+++ Data excerpt +++

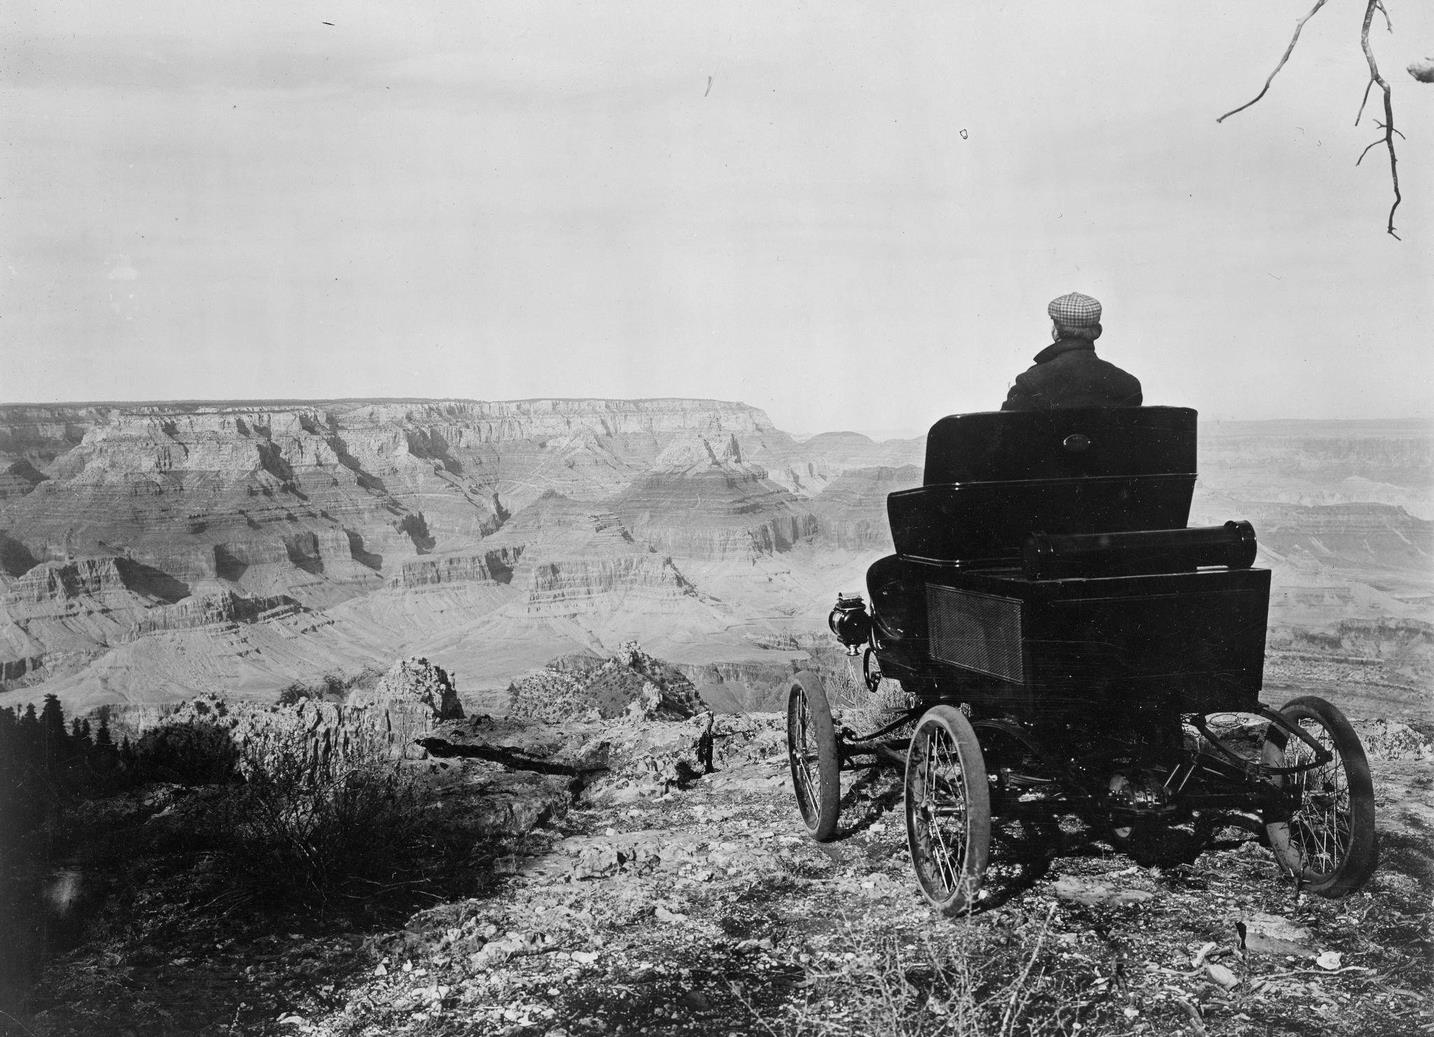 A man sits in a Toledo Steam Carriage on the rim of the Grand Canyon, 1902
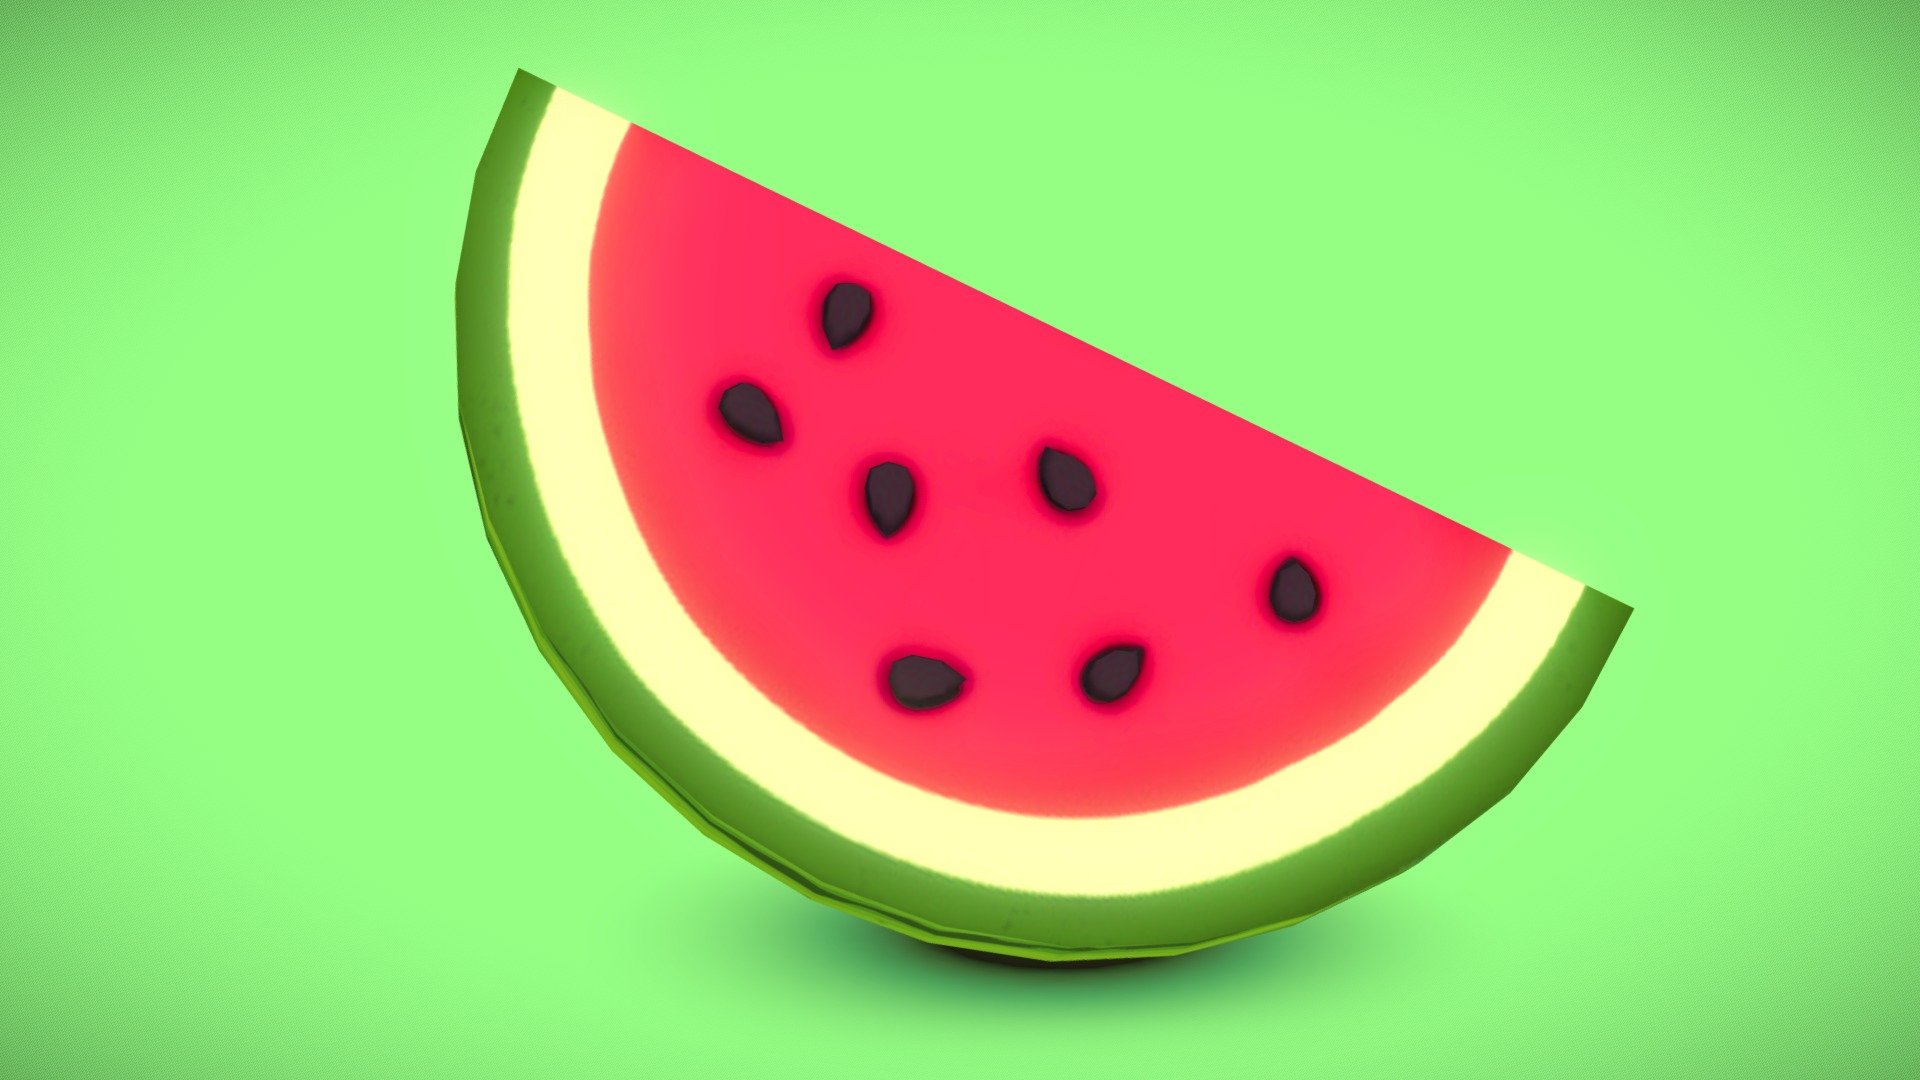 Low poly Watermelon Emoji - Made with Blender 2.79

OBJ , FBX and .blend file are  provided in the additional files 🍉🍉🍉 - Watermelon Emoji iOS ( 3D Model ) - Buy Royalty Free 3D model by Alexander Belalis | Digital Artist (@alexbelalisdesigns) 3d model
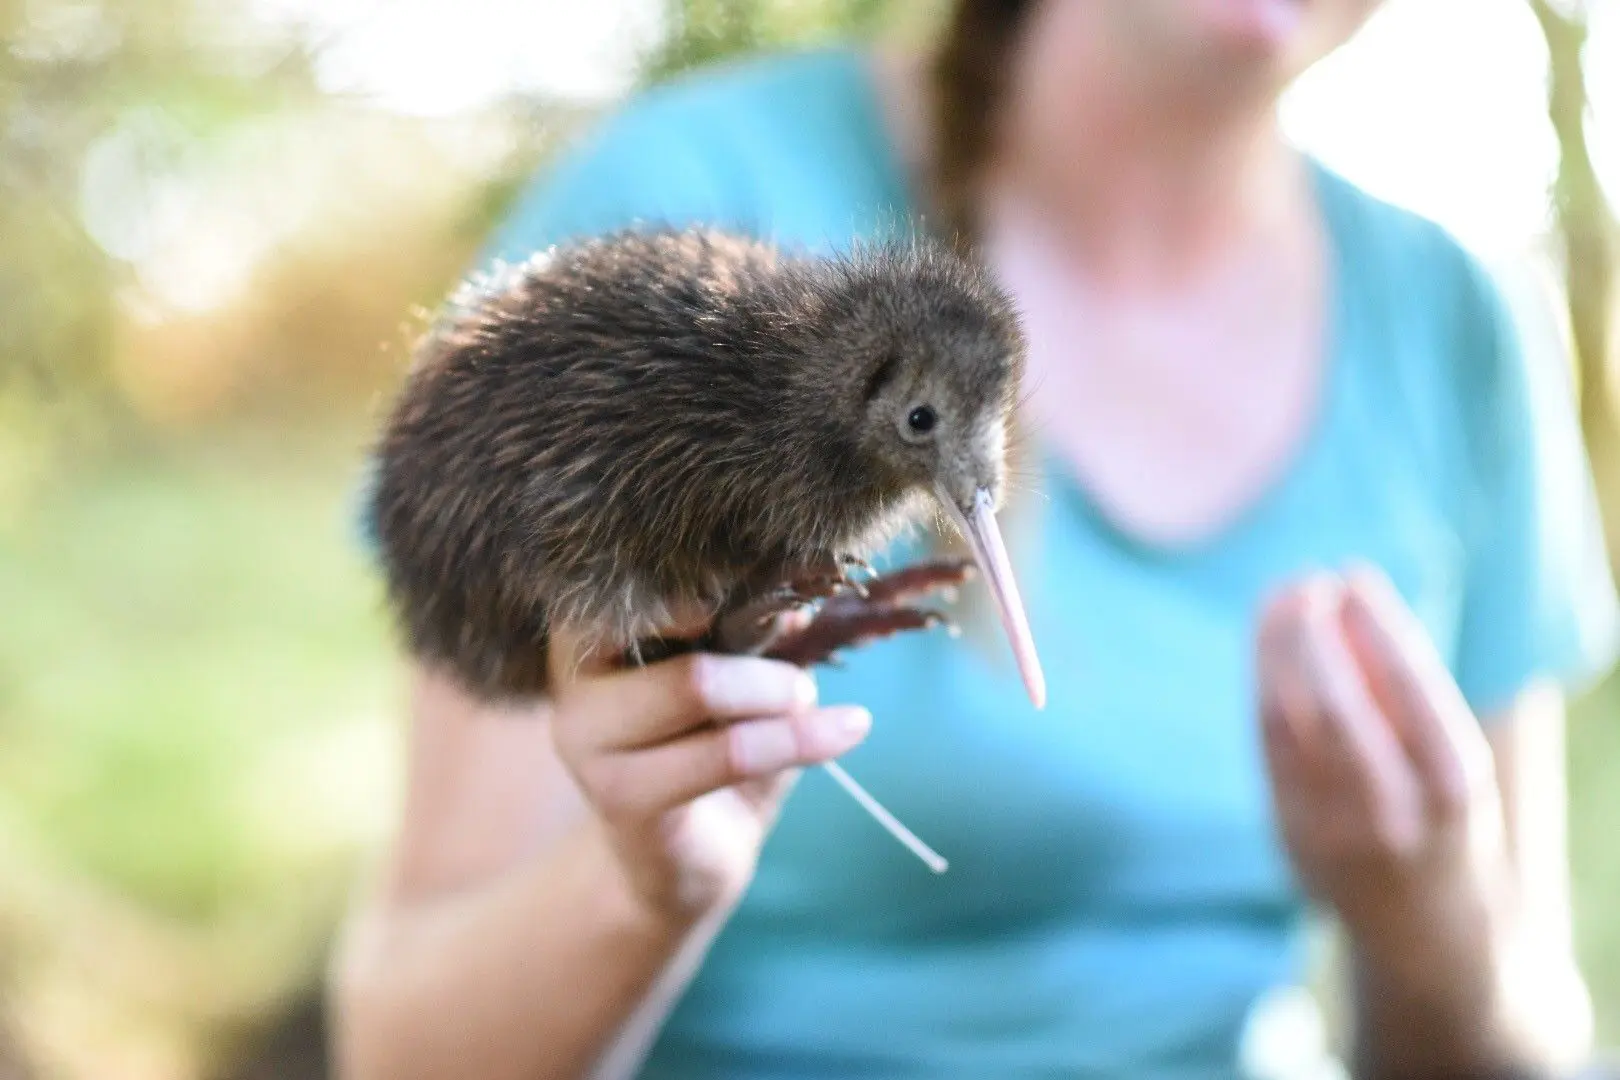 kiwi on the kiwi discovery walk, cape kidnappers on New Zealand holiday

+++

__Instructions to follow__.
In the copy, no pictures are to appear; write out exactly the lines from the one containing "Low poly Watermelon" through the end of the listing above and no further lines.

__Output of the task__.
 Low poly Watermelon Emoji - Made with Blender 2.79

OBJ , FBX and .blend file are  provided in the additional files 🍉🍉🍉 - Watermelon Emoji iOS ( 3D Model ) - Buy Royalty Free 3D model by Alexander Belalis | Digital Artist (@alexbelalisdesigns) 3d model
 kiwi on the kiwi discovery walk, cape kidnappers on New Zealand holiday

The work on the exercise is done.